Off-track thoroughbreds, or OTTBs, can make lovely jumpers, eventers, or even pleasure horses with the proper retraining. Most of these horses need a few weeks to a few months of rest when they first come off the track. This rest allows their bodies to heal and their minds to relax after the stress of life on the track. And after that rest time comes one of the most exciting days for you and your OTTB: your first post-track ride.
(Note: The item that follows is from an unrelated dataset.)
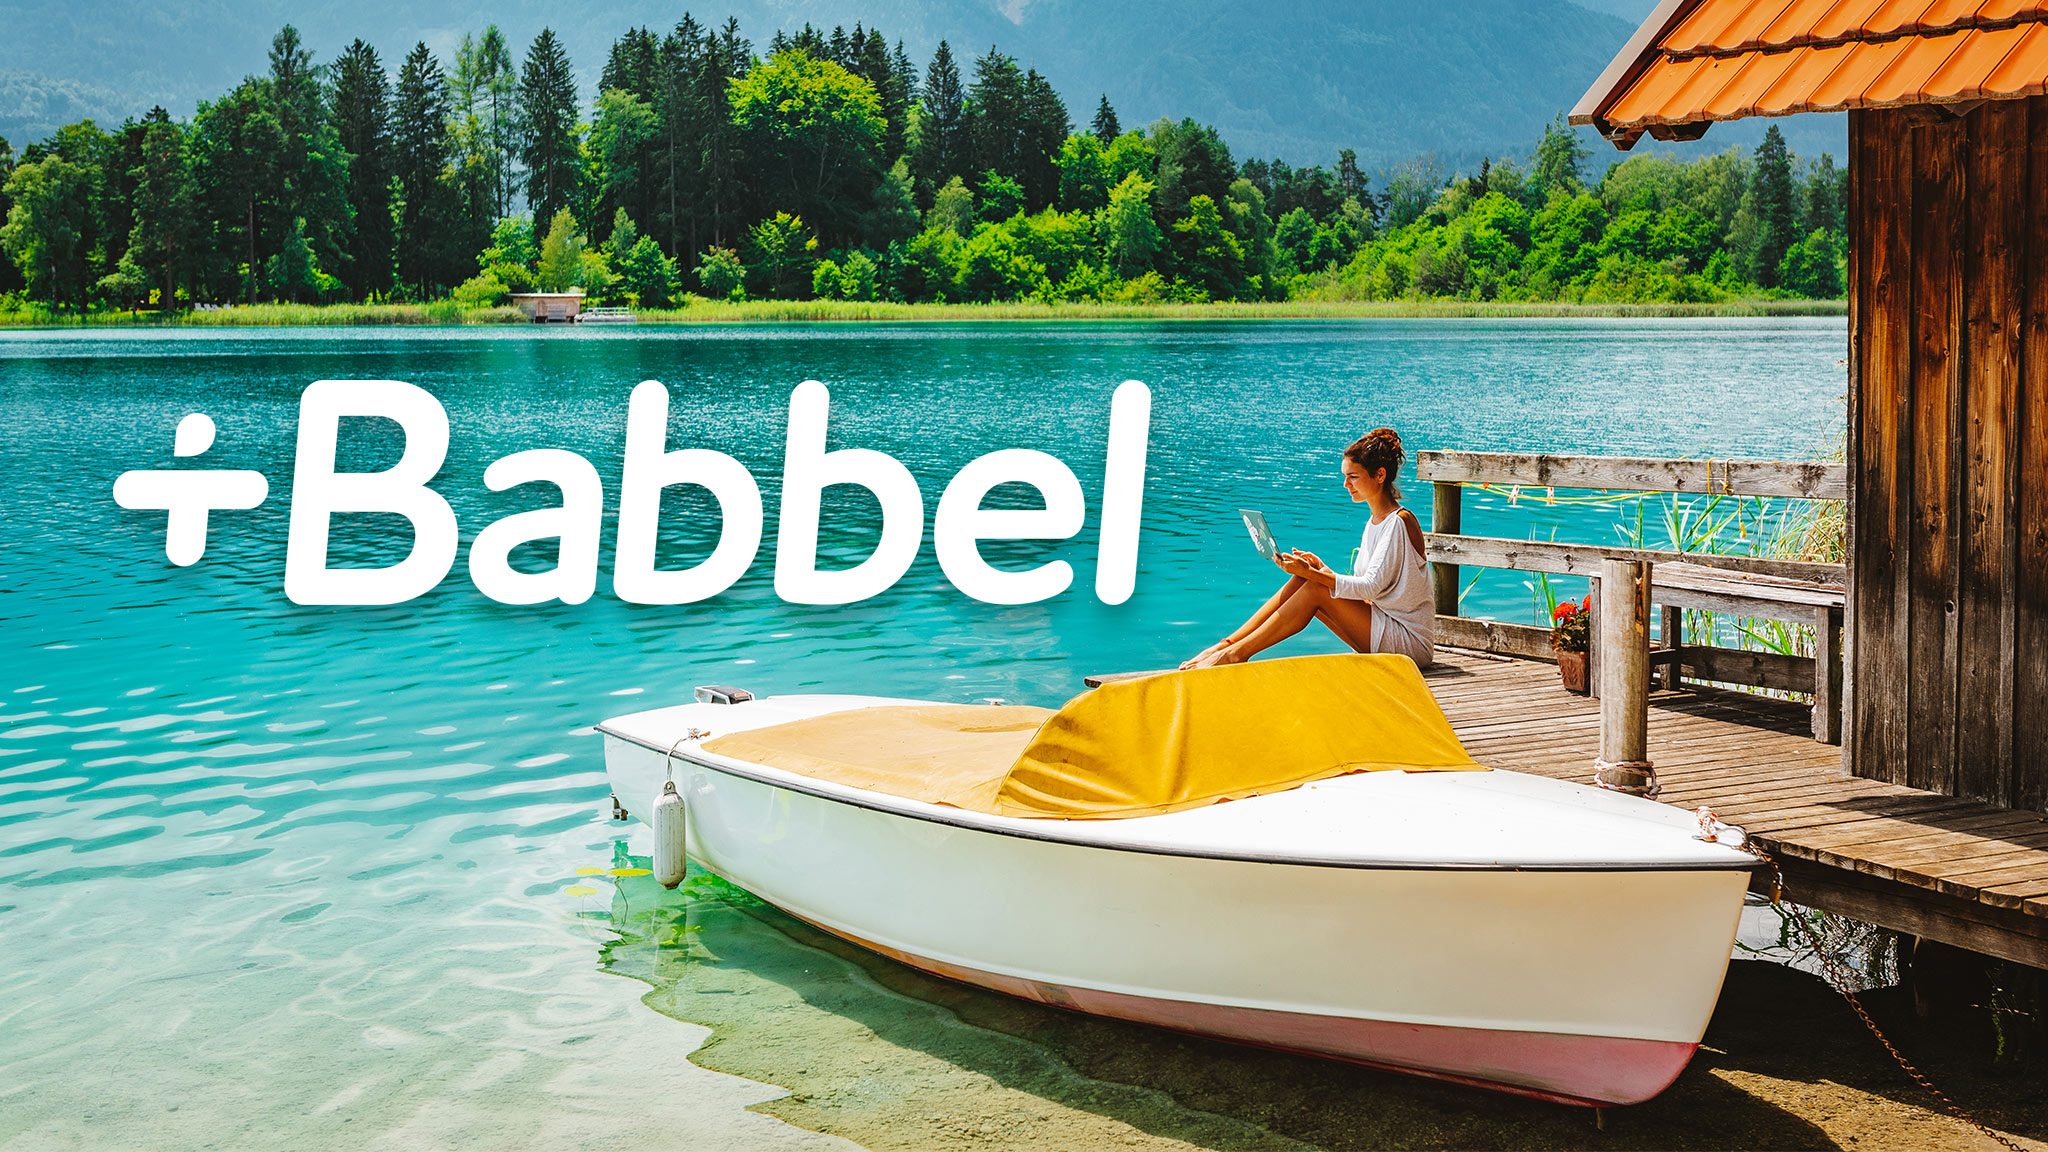 Sommer-Aktion: Babbel-Preise deutlich reduziert

The first post-track ride often goes more smoothly than riders assume, but since this is a young horse who has had a few months off from work, it's still important to be cautious and safe as you approach this first ride. Here are four precautions to take.
Wear Your Protective Gear
Whether you're a dedicated helmet wearer or someone who only puts one on when required at a show, this is a day to pull out that hardhat. It may mean the difference between an "ow" and a bad concussion if your first ride does not go as smoothly as planned. If you have a cross-country vest, it's not a bad idea to put it on, either. You should definitely wear a vest if you've ever had a rib injury or kidney trouble, since it will protect your midsection in case of a fall, so break out your horse riding protective clothing for this first trip.
Ride In An Enclosed Area
Even if you plan for your OTTB to eventually be a fox hunter or an eventer rather than a "ring horse," this first ride should be taken in an enclosed area -- just in case. Ideally, you should ride in an area with which the horse is familiar. If you don't have a proper, fenced-in ring, you can always take this first ride in the pasture or paddock.
Don't Go It Alone
Arrange to have a horse-savvy friend there with you for the first ride. If nothing else, they can hold the horse as you mount. (Most thoroughbreds are not trained to stand at a mounting block since the jockeys swing onto their backs as they're walking.) They may need to help you dismount, too, depending on how willing your OTTB is to stand for this.
Make It a Short One
When retraining an OTTB, it is important to take things slowly and reward successes. You really want this first ride to be a good experience so that both you and the horse look forward to the next one. So, keep the first ride short. If the horse is feeling a bit nervous or hot, just walk until he calms down. If he's calm, have a trot. Don't push him so far that you make the ride into a bad experience. You can slowly do a little more each ride as you gain trust in each other.